The closest shop that sells modelling supplies is a 4 hour round trip and the supplies are very limited as they cater mostly to the RC crowd(I've done the trip in 4½ hours for 3 bottles of Tamiya paint). Now that the Canadian dollar is losing ground to the U.S. dollar, it's starting to get sketchy ordering out of the U.S. and don't get me started on the shipping costs. Ours, I think, is a slowly dying hobby and the biggest mail order companies around the world will devour the Mom and Pop's.

Geo


----------



## Aaron Brooks Wolters (Mar 5, 2014)

meatloaf109 said:


> My first model came from a Rexall drug store, but many of the later came from a "Ben Franklin 5 and 10" store.
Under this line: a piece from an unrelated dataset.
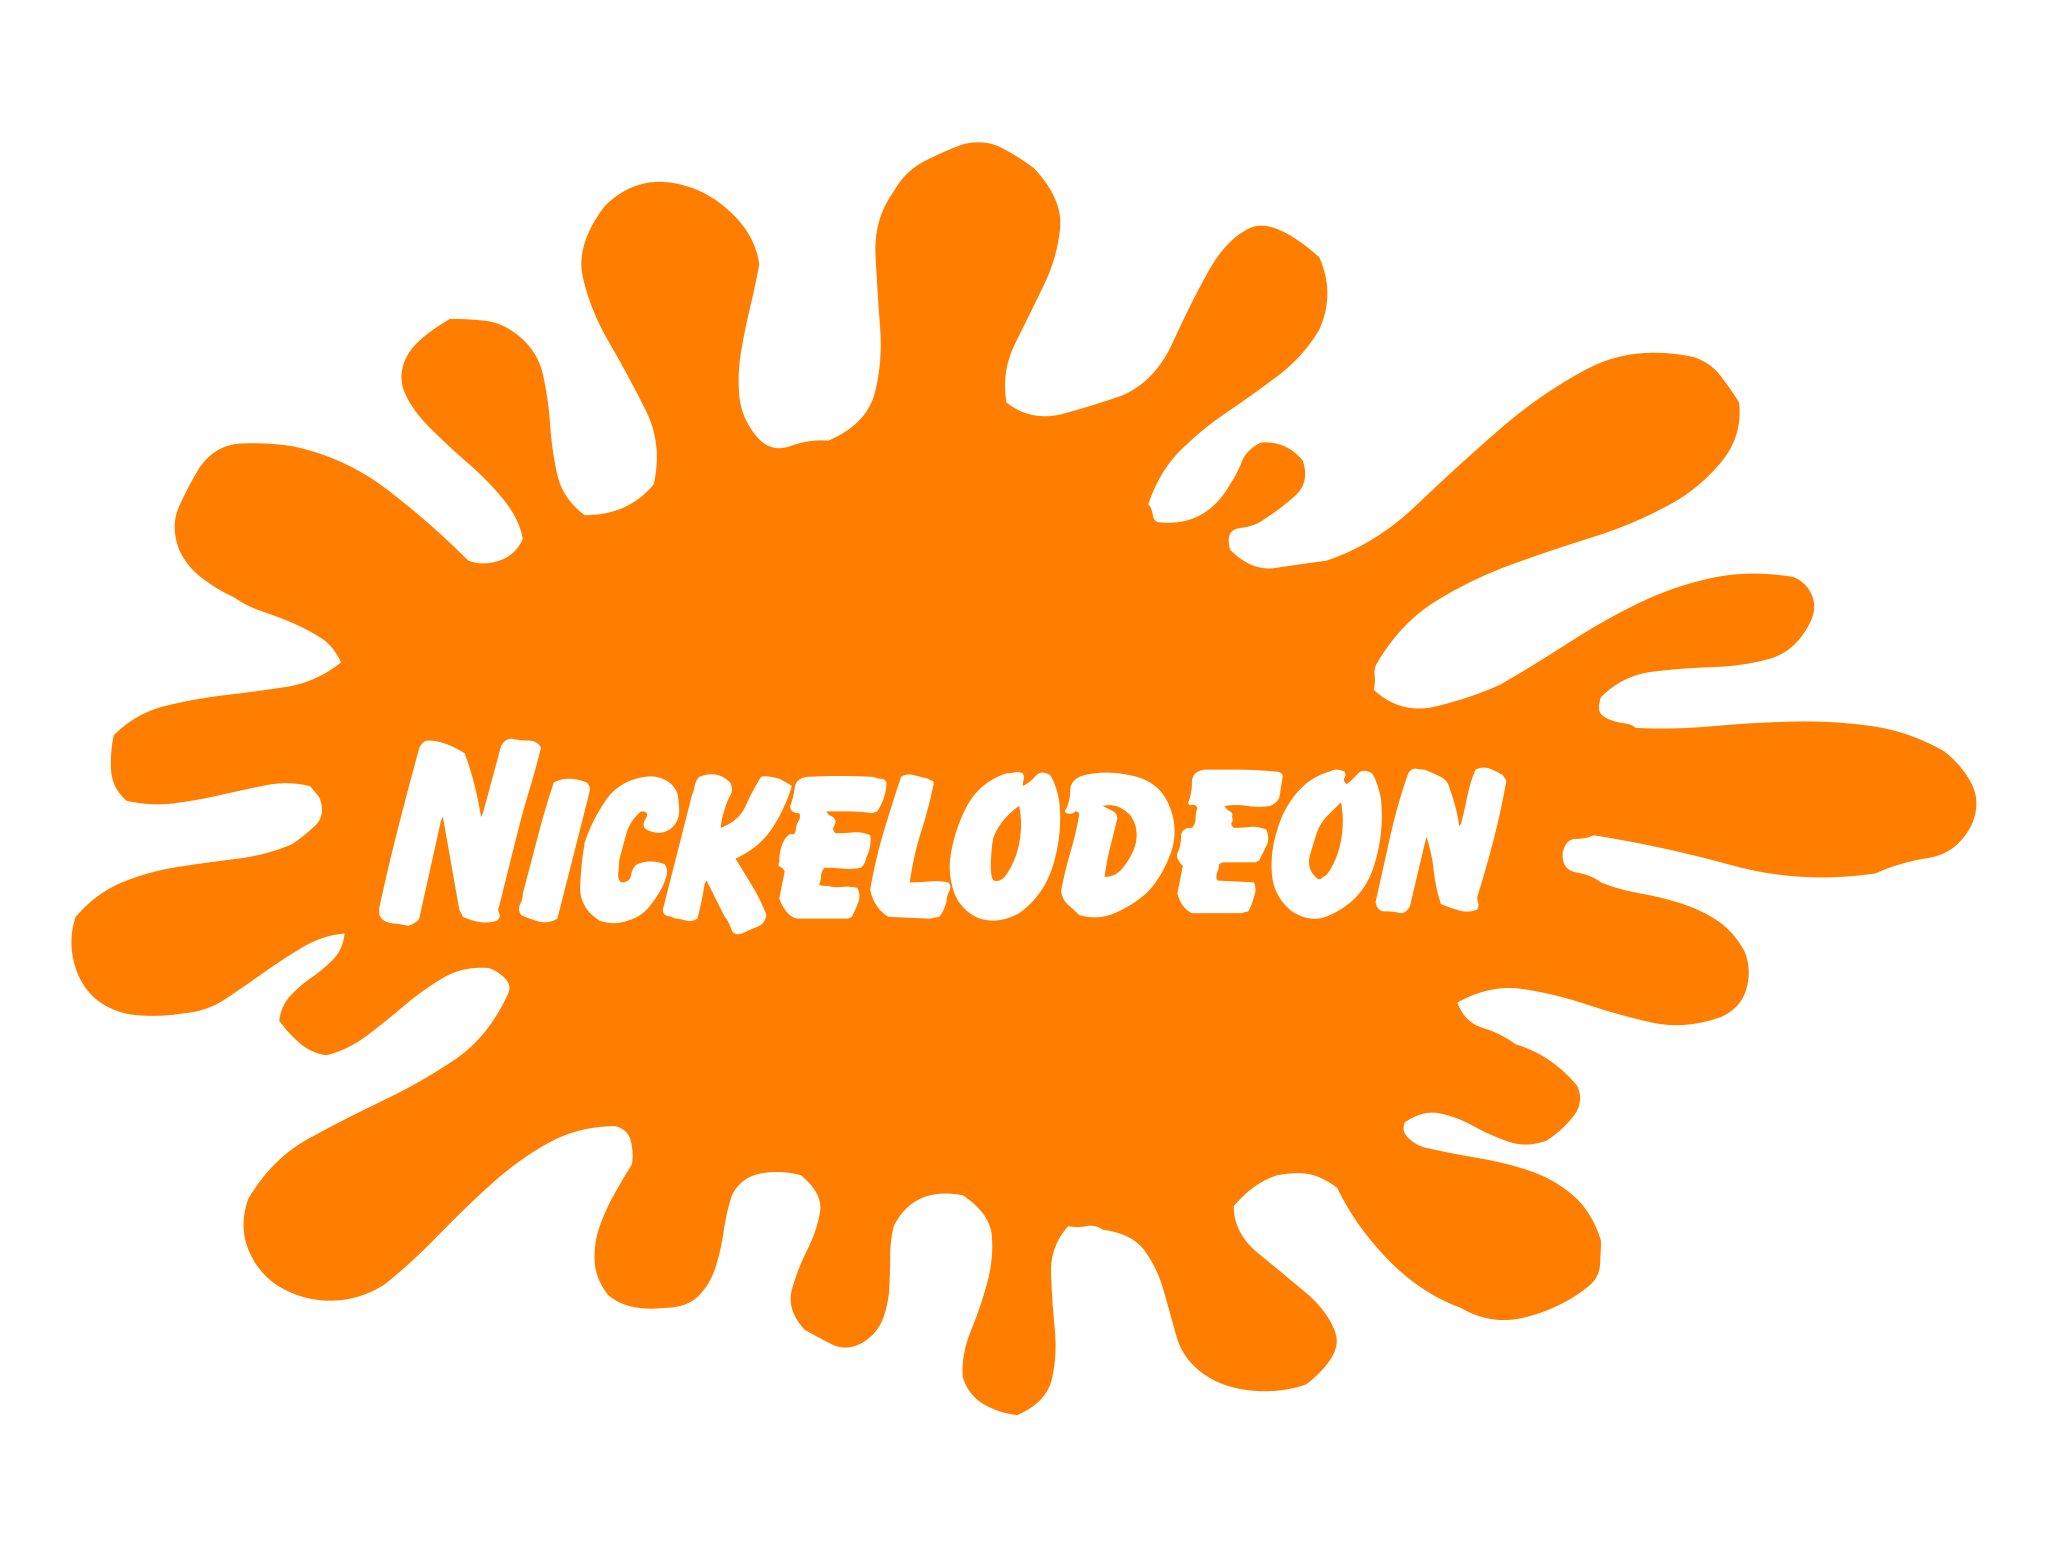 2018 Nickelodeon Logo - Nickelodeon Classic 90s Logo | Nickelodeon | Know Your Meme

They had one side of an entire aisle devoted to models! I spent many hours there dreaming and planning.



You to huh?


----------



## N4521U (Mar 5, 2014)

There was a bloke who built his own wire control gas powered planes. He's the one got me started modeling. A little store around the corner, a 5 and dime, had a few kits, Monograms mostly, that's where I got my first plastic kit. I think it was a forty Ford coupe.
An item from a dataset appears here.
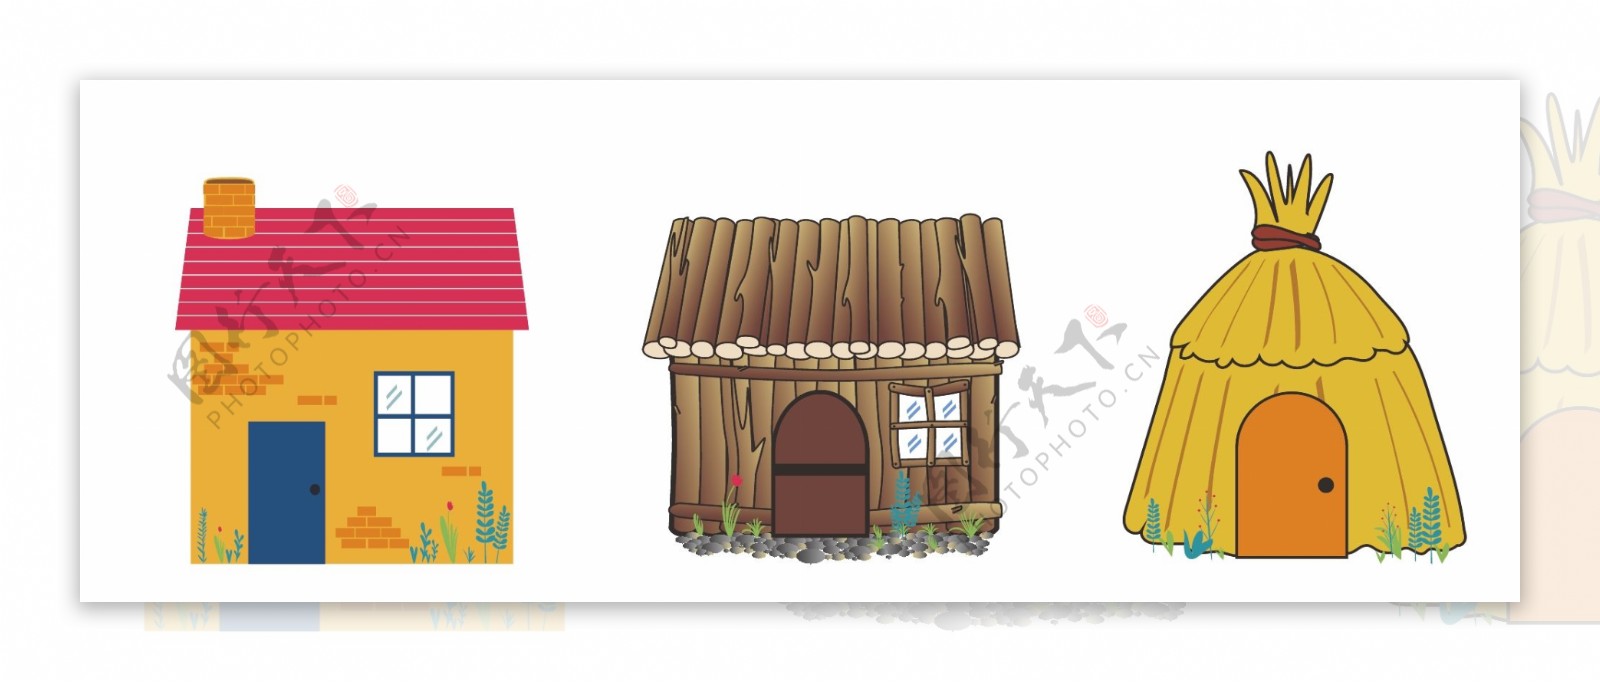 三只小猪盖房子草屋木屋砖房

Maybe it'll go back to a section in the drug stores, and one whopping big mail order. Who knows.

Reactions: Like Like:
1 | Like List reactions


----------



## Aaron Brooks Wolters (Mar 5, 2014)

It's convenient now. But the convenience is killing the small guys because they can't keep the inventory to compete with price or selection.


----------



## Airframes (Mar 6, 2014)

Strangely enough, the hobby seems to be blooming, if one considers the huge increase in kits, accessories, after-market parts, tools etc. Unfortunately though, the main, large, on-line outlets seem to be the only places where all these things can be found, understandably, to the cost of the smaller, 'high street' shops.


----------



## GrauGeist (Mar 6, 2014)

The difference between a local hobbyshop and internet sellers, is overhead.
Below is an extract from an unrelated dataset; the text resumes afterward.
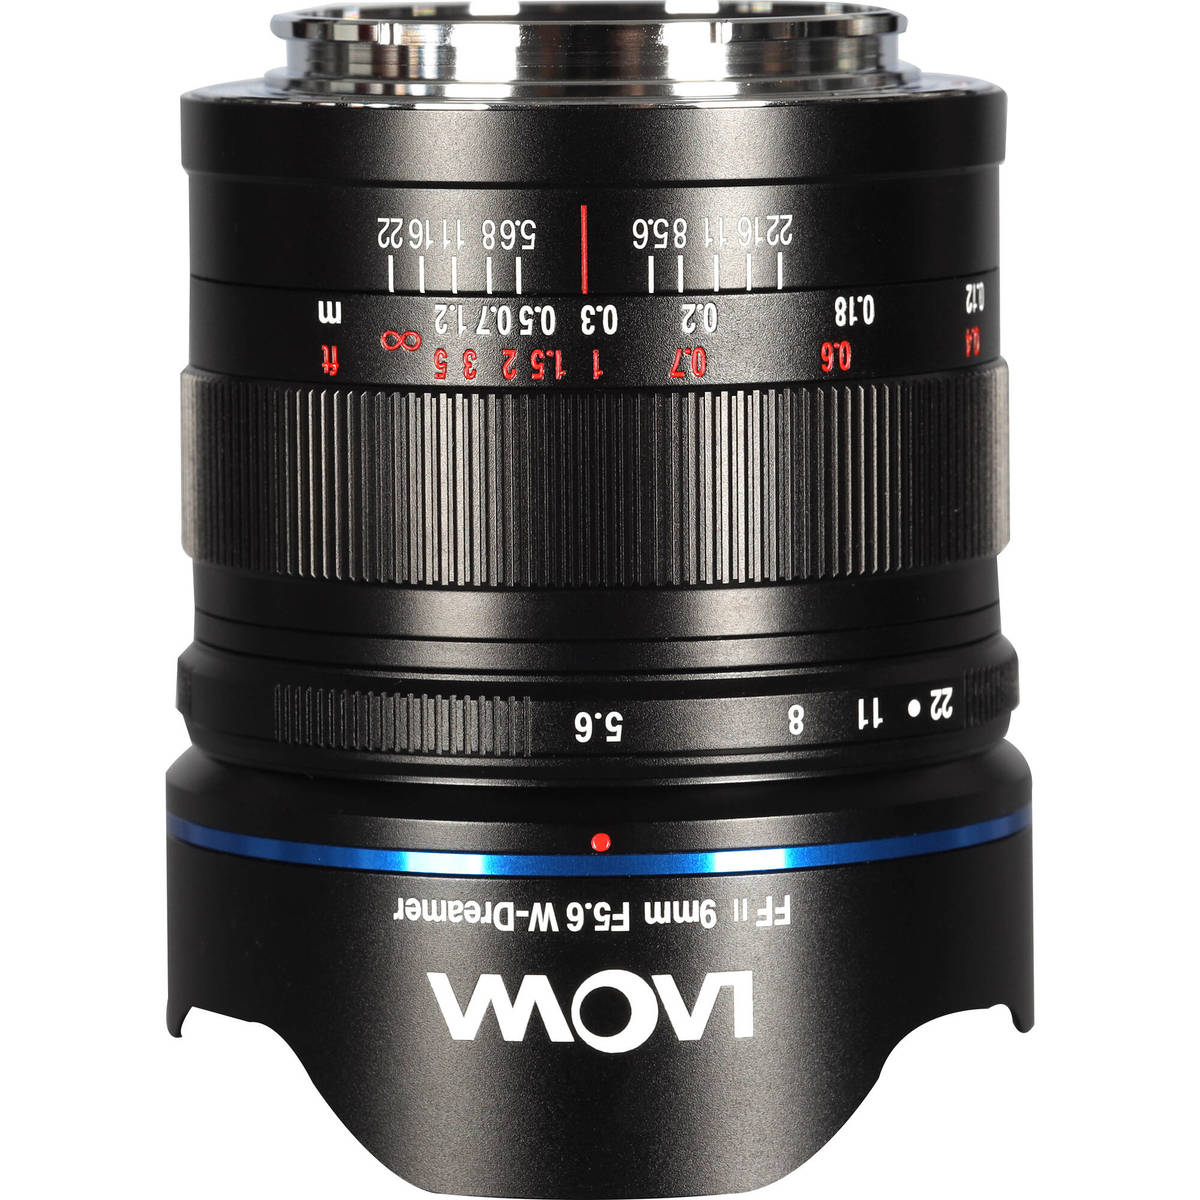 1. Laowa Lens 9mm f/5.6 W-Dreamer FF RL (Sony FE)

Most often, the online retailers have inventory drop-shipped from a distributor instead of having the expense of a retail space and added expense of purchasing/stocking the items.

Personally, I like to hold something in my hands, look it over and then decide on the purchase.


----------



## javlin (Mar 6, 2014)

Airframes said:


> Strangely enough, the hobby seems to be blooming, if one considers the huge increase in kits, accessories, after-market parts, tools etc. Unfortunately though, the main, large, on-line outlets seem to be the only places where all these things can be found, understandably, to the cost of the smaller, 'high street' shops.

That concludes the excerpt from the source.